• BRIEF: Before you write out the listing, remove the pictures; everything else stays exactly as it is.
*** Opening INFORMATION SUPPLIED ***
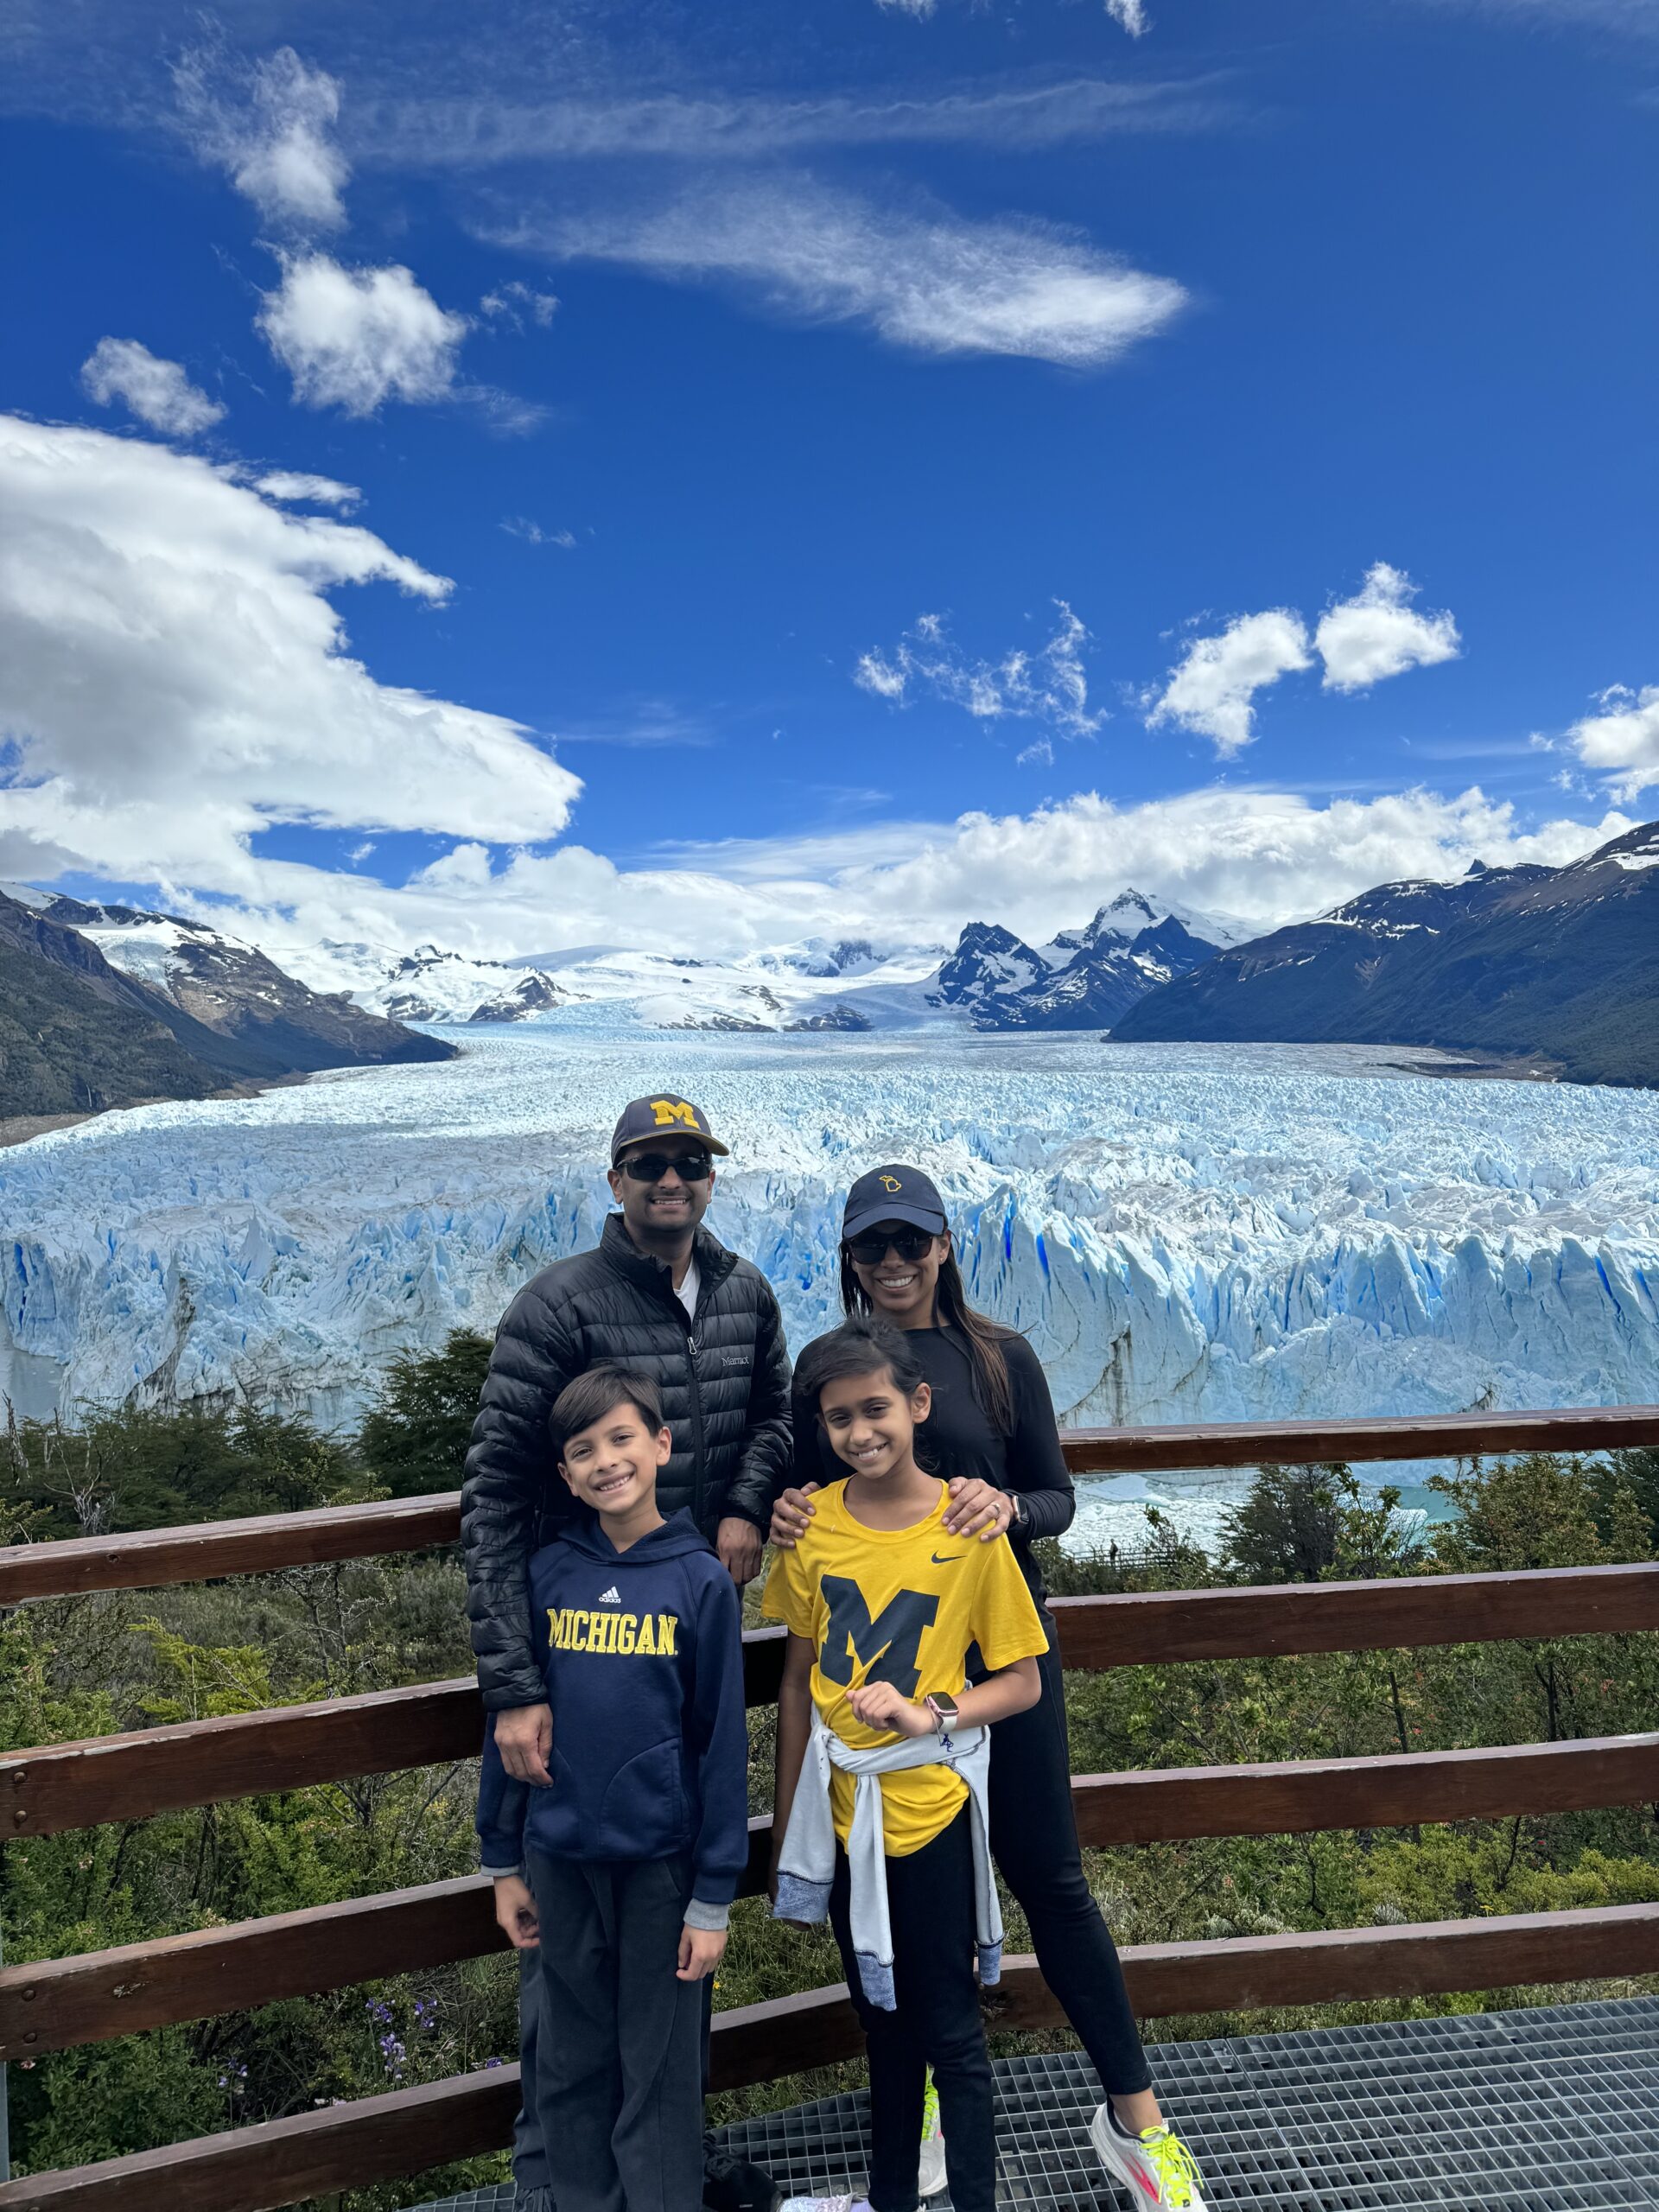 The family of Smita and Ankur Mehta, ’04, took a trip to South America’s Patagonia region and took an incredible photo with the Perito Moreno Glacier. Later, in their hotel room, they watched U-M defeat the University of Alabama in the Rose Bowl.
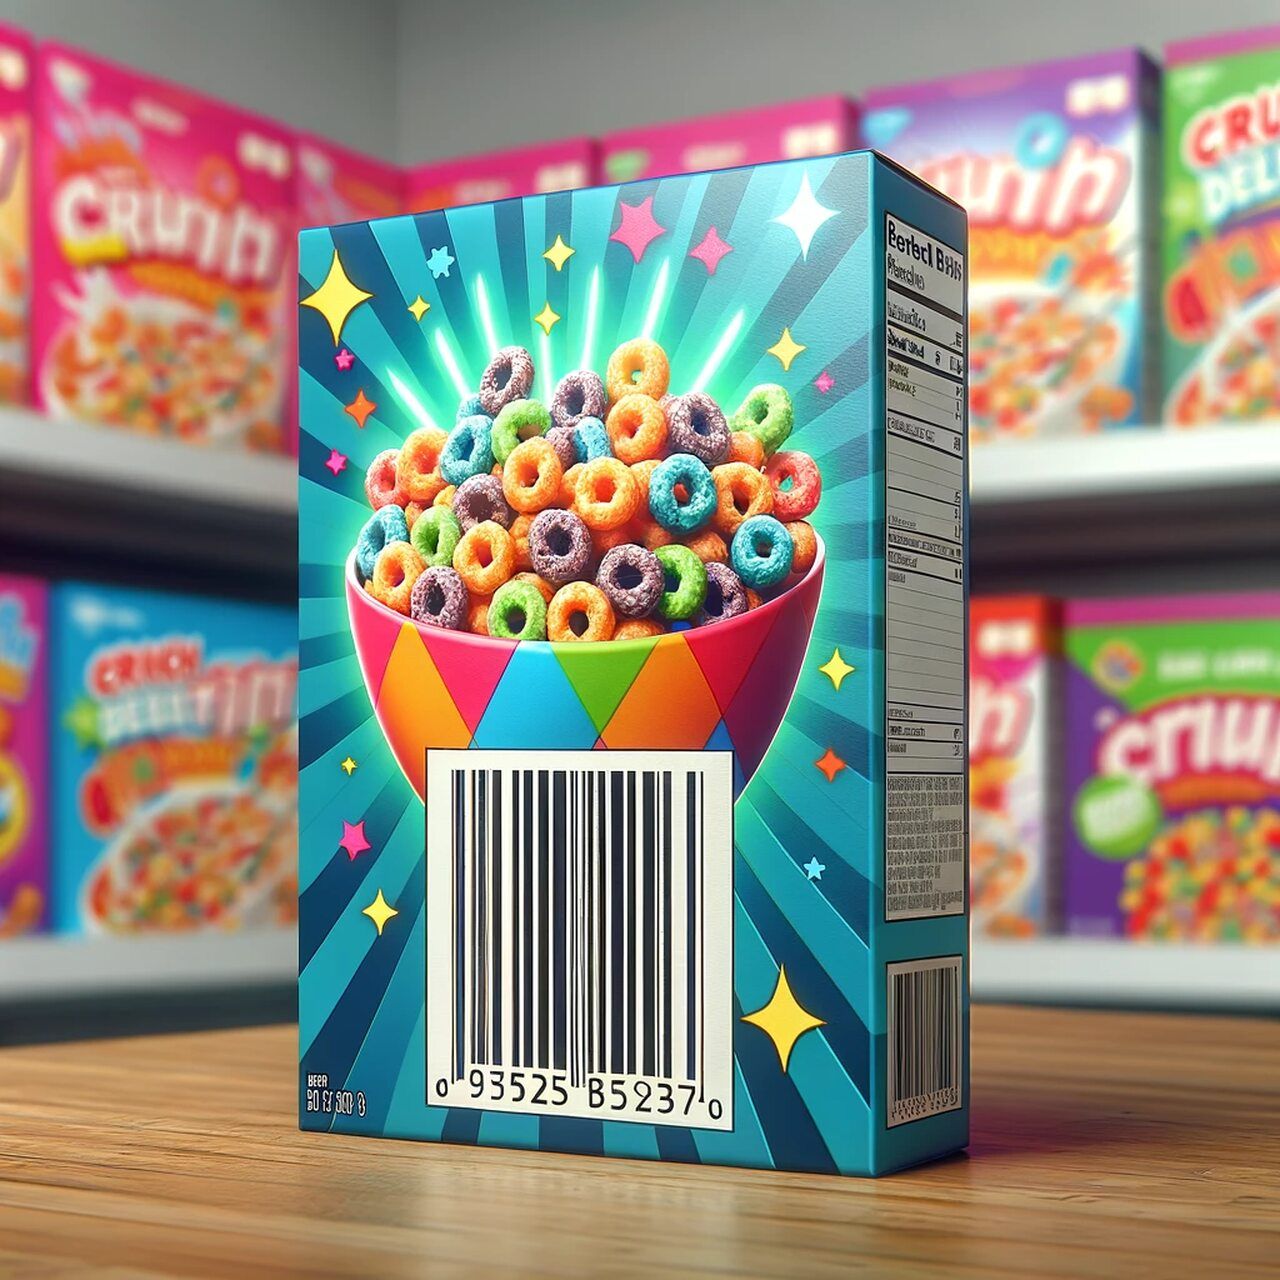 the barcode sample on a cereal brand
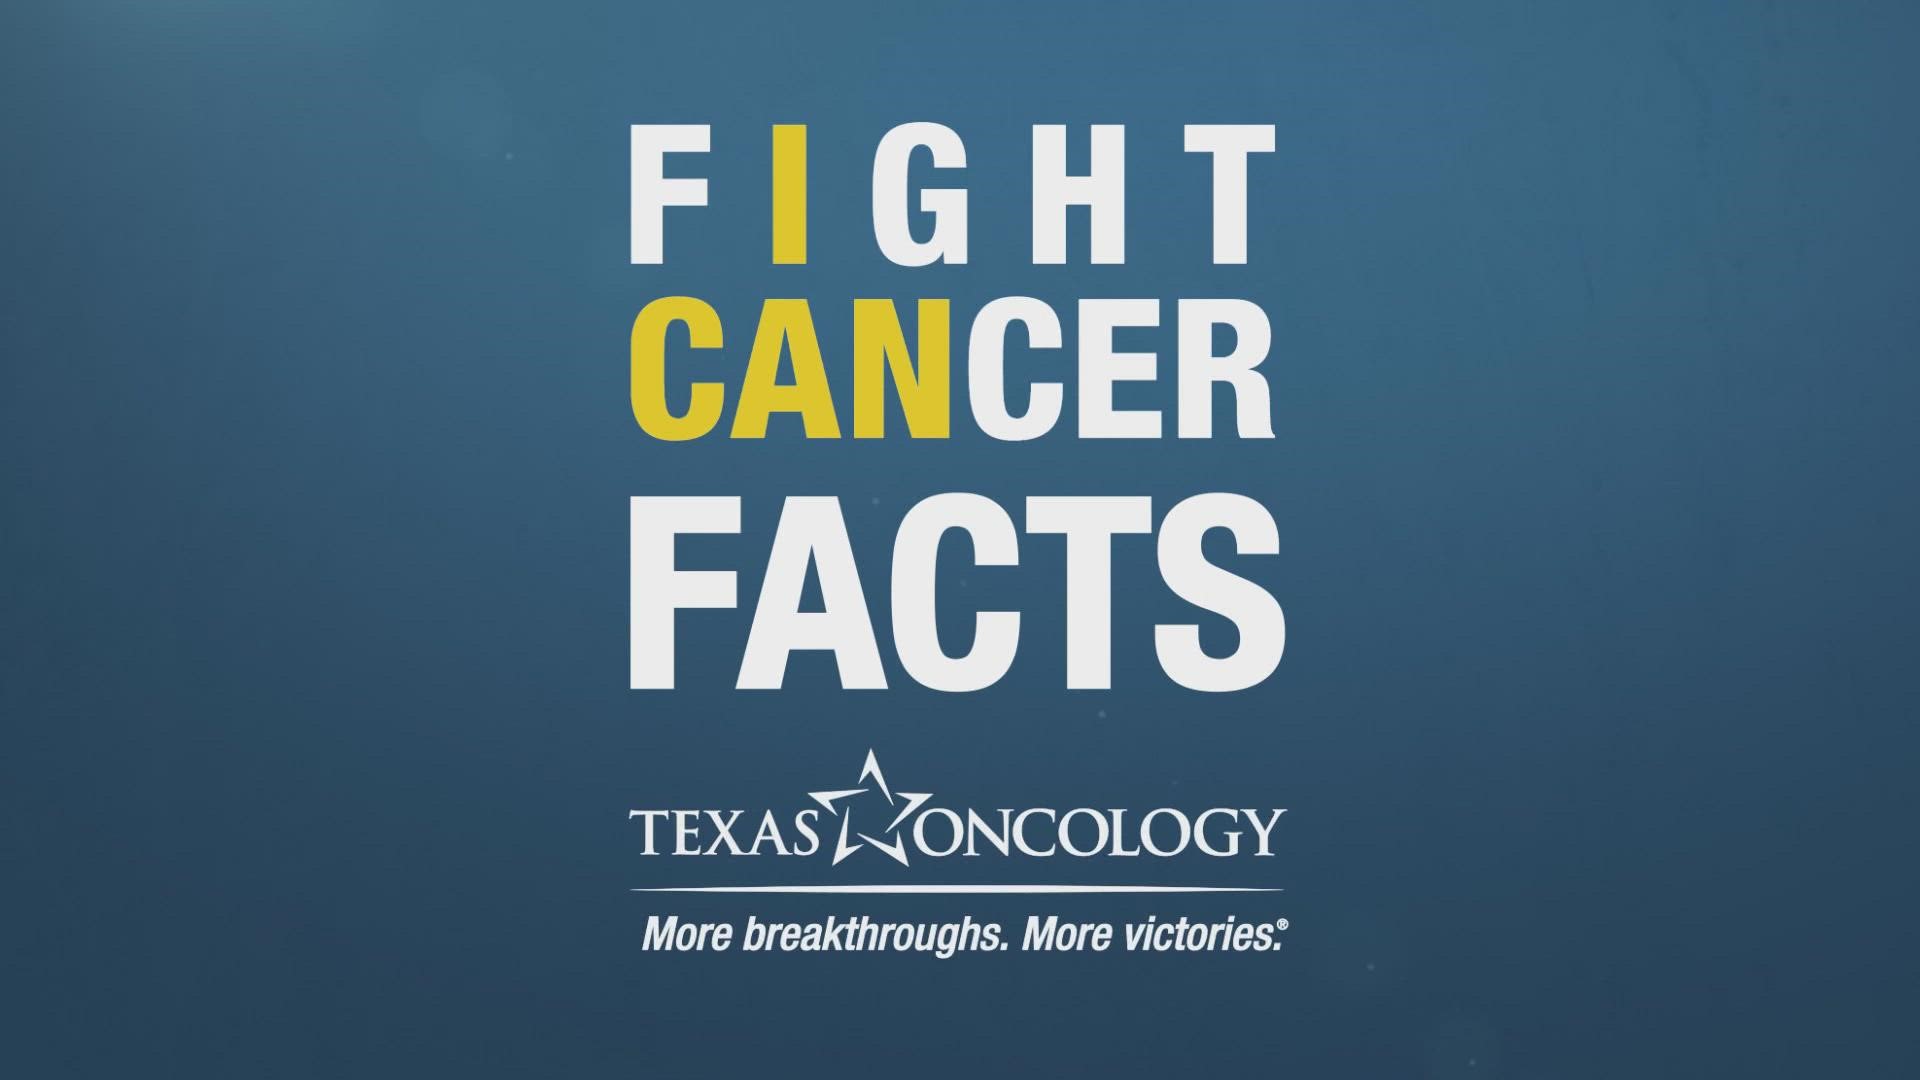 Local Texas Oncology doctor shares how to lower the risk of prostate cancer with early detection before it spreads to achieve a nearly 100% chance of survival.
*** Closing INFORMATION SUPPLIED ***
• RESPONSE FOR THIS EXERCISE:
 The family of Smita and Ankur Mehta, ’04, took a trip to South America’s Patagonia region and took an incredible photo with the Perito Moreno Glacier. Later, in their hotel room, they watched U-M defeat the University of Alabama in the Rose Bowl.
 the barcode sample on a cereal brand
 Local Texas Oncology doctor shares how to lower the risk of prostate cancer with early detection before it spreads to achieve a nearly 100% chance of survival.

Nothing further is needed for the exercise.